It's been a relief being home. I'd say I'm definitely still in the honeymoon phase, no matter how much US politics/judicial decisions have gotten me down. I haven't been having nightmares, and I haven't run into any fous yet!

I'll try to update more often about my readjustment.

Sunday, June 23, 2013

En route

At the boarding checkpoint for my last flight, the woman in front of me is being questioned in detail about her bags. I walk up to the second agent and he asks where I am coming from. 
Guinea, I reply. And how long was your stay?
Two years. He begins to ask if I am living and working in guinea. 
Not anymore, I say. I'm going home. 
He abruptly closes my passport, smiles, and says have a nice flight. 

I skip down the walkway. I'm going home! 

Saturday, June 15, 2013

Coming Home

I've gotten a lot of feedback recently on my "On Homesickness" post from last week, mostly about my use of the word "failute". What I was trying to say is that I am not thriving, not that I'm failing as a volunteer or a teacher. But I do feel that I have failed to feel like myself, a self that I could maintain. I guess it's sort of like running a half-marathon and realizing you can't run the full. I have limits, and I have seen them. And in a lot of ways, that's really good.

The last few months have been fairly dark (and not just because rainy season clouds FINALLY moved in). But in the past week, I've really gained some insight into myself and the sort of person I am. I think I've been waiting for a long time for the incident that "breaks me". Something big that would happen that would make me say "I can't take it, it's over, it's time to go." But it turns out, I kept going through the fou attack, I made it back from the gastro-problems, I fought my way through the school year left-handed after I injured my right, I kept on going after a kid was killed in my site. I kept going. And last week, another volunteers said to me something along the lines of
"You've been through a lot. What makes you think something would break you? You're underestimating your strength."

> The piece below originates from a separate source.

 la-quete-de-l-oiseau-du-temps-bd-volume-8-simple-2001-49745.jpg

I really thought about that. And I realized she was right. There wasn't anything forseeable that could happen that would straight-up break me. I didn't need to stay here to prove to myself that I was strong enough to meet the challenge I set for myself when I accepted my assignment in Guinea.

I also realized I was challenging myself for the sake of the challenge. I'm in pain from an arm injury/malady going on 6 months. And I've been dealing with anxiety on a level that's not normal for over a year. I've been hyper-aware of anyone approaching me, I've tensed up every time a truck has passed me. For over a year. And I still managed to be a hella awesome volunteer in the meantime.

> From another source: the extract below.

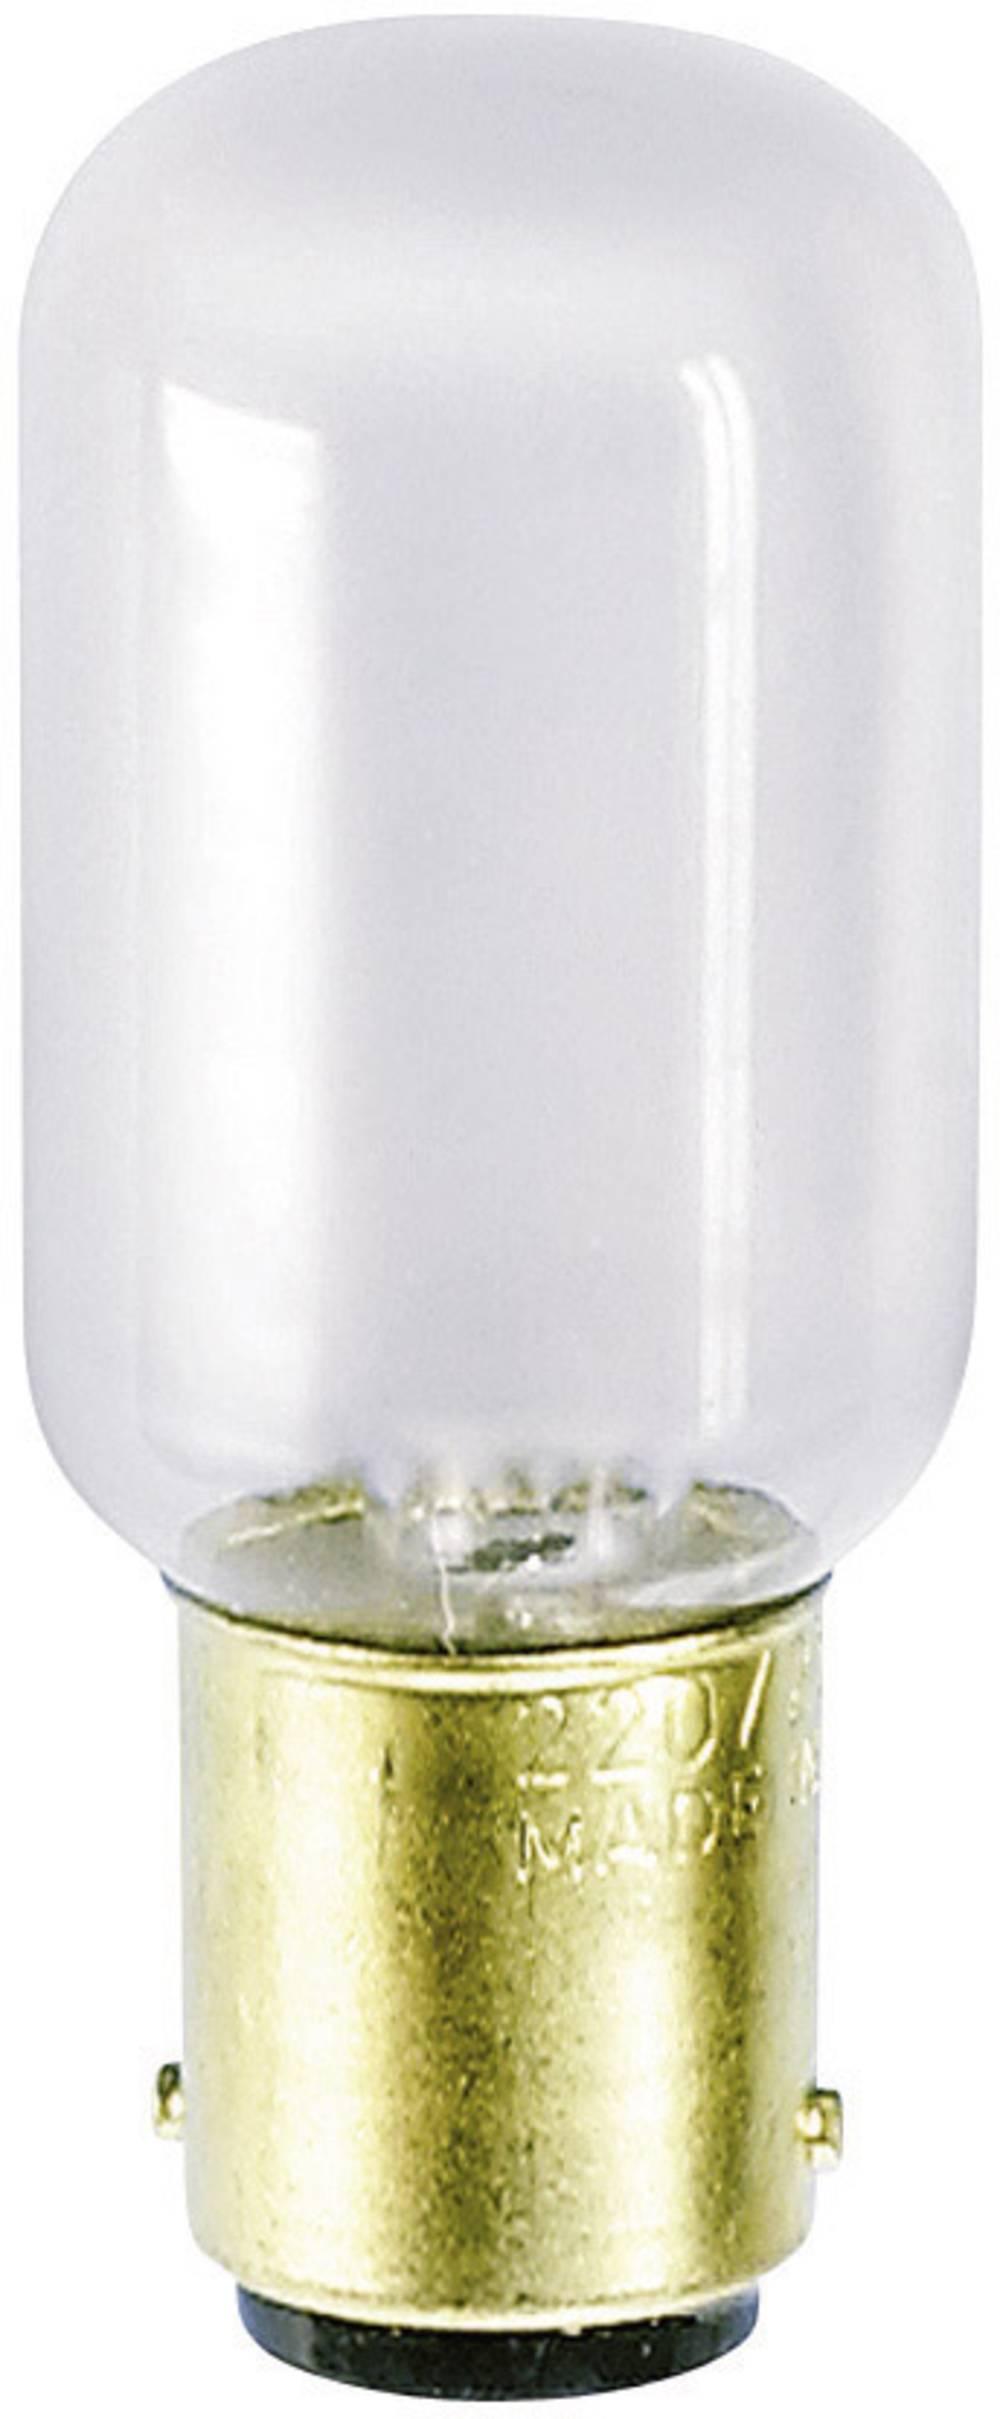 Cevasta žarnica za šivalni stroj 235 V 20 W 85 mA podnožje=BA15d mat Barthelme vsebina: 1 kos

But now it's time to take care of myself. Time to figure out why my right arm is in a world of pain. Time to remove myself from walking 2 feet from carelessly-driven, poorly maintained trucks hundreds of times a week. It's two months early, but I'm coming home. I expect to be back in the US by June 26, although, like anything in this life, it's not for sure.

I am sad to be leaving my Guinean friends and family and the PCV family I love so much, but I feel really good about this decision. I came to this decision from a place of strength, not because I was broken.

See you soon, USA!

Friday, June 7, 2013

Not What I Expected

When I started Peace Corps, I was told repeatedly to leave all expectations behind. And in small ways, I think I did a good job of that  for the things that I encountered during Pre-Service training. Bucket showers? Huge cockroaches and spiders? Terrible food? Sexism? I knew it was coming but I didn’t know how, and I adapted. But the unexpected parts of my Peace Corps service haven’t been small things. They’ve been pretty big.
I didn’t expect that I’d be tackled by a crazy man while inside a walled, razor-wired compound, or that I’d still be reeling from the effects of that trauma more than a year later. I didn’t expect to spend 6 weeks in America miserably sick to my stomach. I didn’t expect to have to become ambidextrous because of a repeated stress injury that took me out of site for nearly 3 weeks. And I really, truly, didn’t expect to see parts of a child strewn across the road I live on after a tragic truck-pedestrian accident in late May.
I made myself a promise when I joined Peace Corps that if I felt like something had happened to me that would give me permanent damage, I would come home. Otherwise, I told myself, I would persevere. Honestly, I think I’ve broken that promise to myself at this point, and I’m not sure it’s a bad thing. When I come home, I’ll have to see doctors about the wrist problems that have plagued me for two years without explanation, and I’ll have to deal with the anxiety and perhaps even PTSD of my attack. I’d like to think that both of these aren’t truly permanent, but aren’t those the sort of things that I had given my permission to come home for? Sometimes, especially recently, I ask myself: what is the straw that could break this camels back?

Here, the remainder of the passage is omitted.